At random, I looked up the ‘Freeman’s Journal’ for a date in may 1780 to search for references to High Street, and a couple of snippets turned up:

Leasehold interest for sale:

The house and concerns in High Street at no. 64, opposite St Michael’s Church (i-e the derelict site in front of the Synod Hall in Paddy Healy photograph), formerly occupied by Mr Wilson, Shoemaker. The house is one of the best situations for business in the city, comodious and extensive having three large rooms on a floor, with brass locks and grates and every other necessary fixture. There are also good vaults and cellerage in excellent order. The purchaser or tennant will not have the least turn of money to expend; and there cannot be a better standing for the linen, wollen or haberdashery business.
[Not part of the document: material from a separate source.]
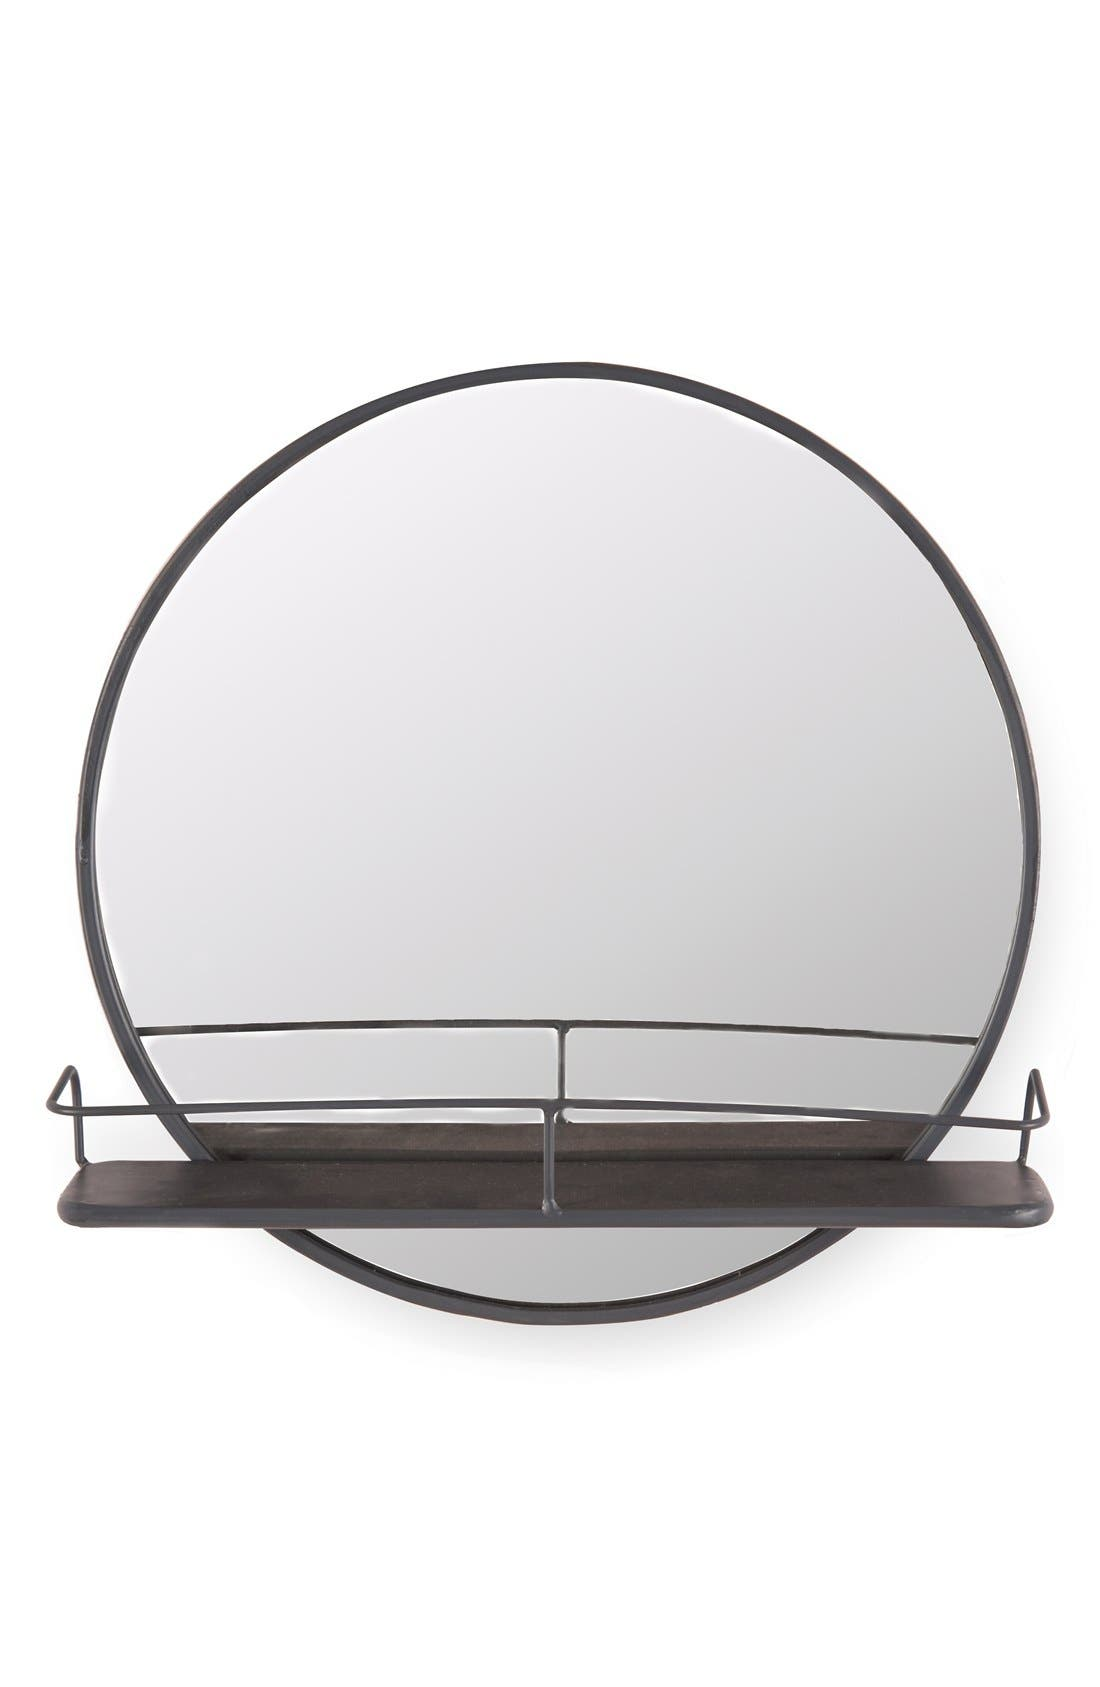 Alternate Image 1 Selected - Foreside Circle Shelf Mirror

Apply at no. 3 High Street. (i-e. the local auctioneer in the big three bay house with the dodgy scaffolding on the opposite side of the street).
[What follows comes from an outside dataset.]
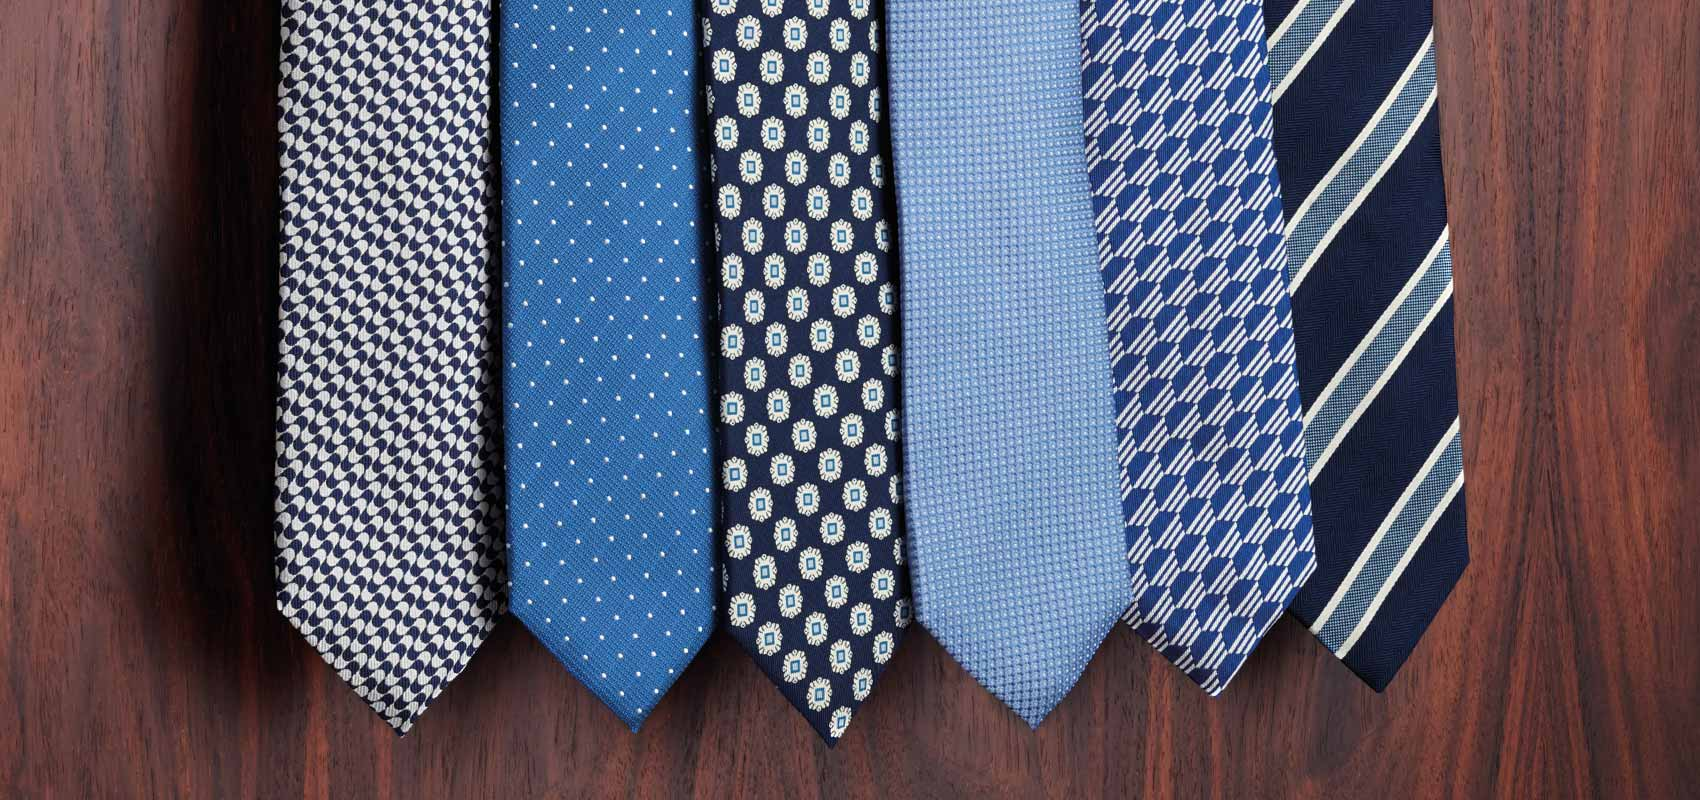 Charles Tyrwhitt Cravates classiques

Mr. Wilson Shoemaker! There was also a James Molloy, Shoemaker advertising for business at no. 62 High Street. How’s that for continuity, remember all the medieval shoes and soles dug up in the High Street excavations.

The same edition of the newspaper (27th May 1780) had notice of the forthcoming meeting, at 48 High Street, of ‘The Universal Free Debating Society’. In this case ‘free’ didn’t extend to the admittance charge, which was listed as ‘a British sixpence’.

The topic for discussion:

‘Whether man or woman discovers more weakness under the dominion of love’

and, if time permits:

‘Whether the British Parliament is authorised to exercise a legislative power to bind the people of Ireland’.

Obviously time didn’t permit, because the latter topic was up again for discussion on 12th June, with the reserve motion a provocative: ‘Whether the Divine or the Physician is of more utility to mankind?’.

Debates started at 8.00 pm and were to be concluded by 10.00.

I do realize that this is totally useless information.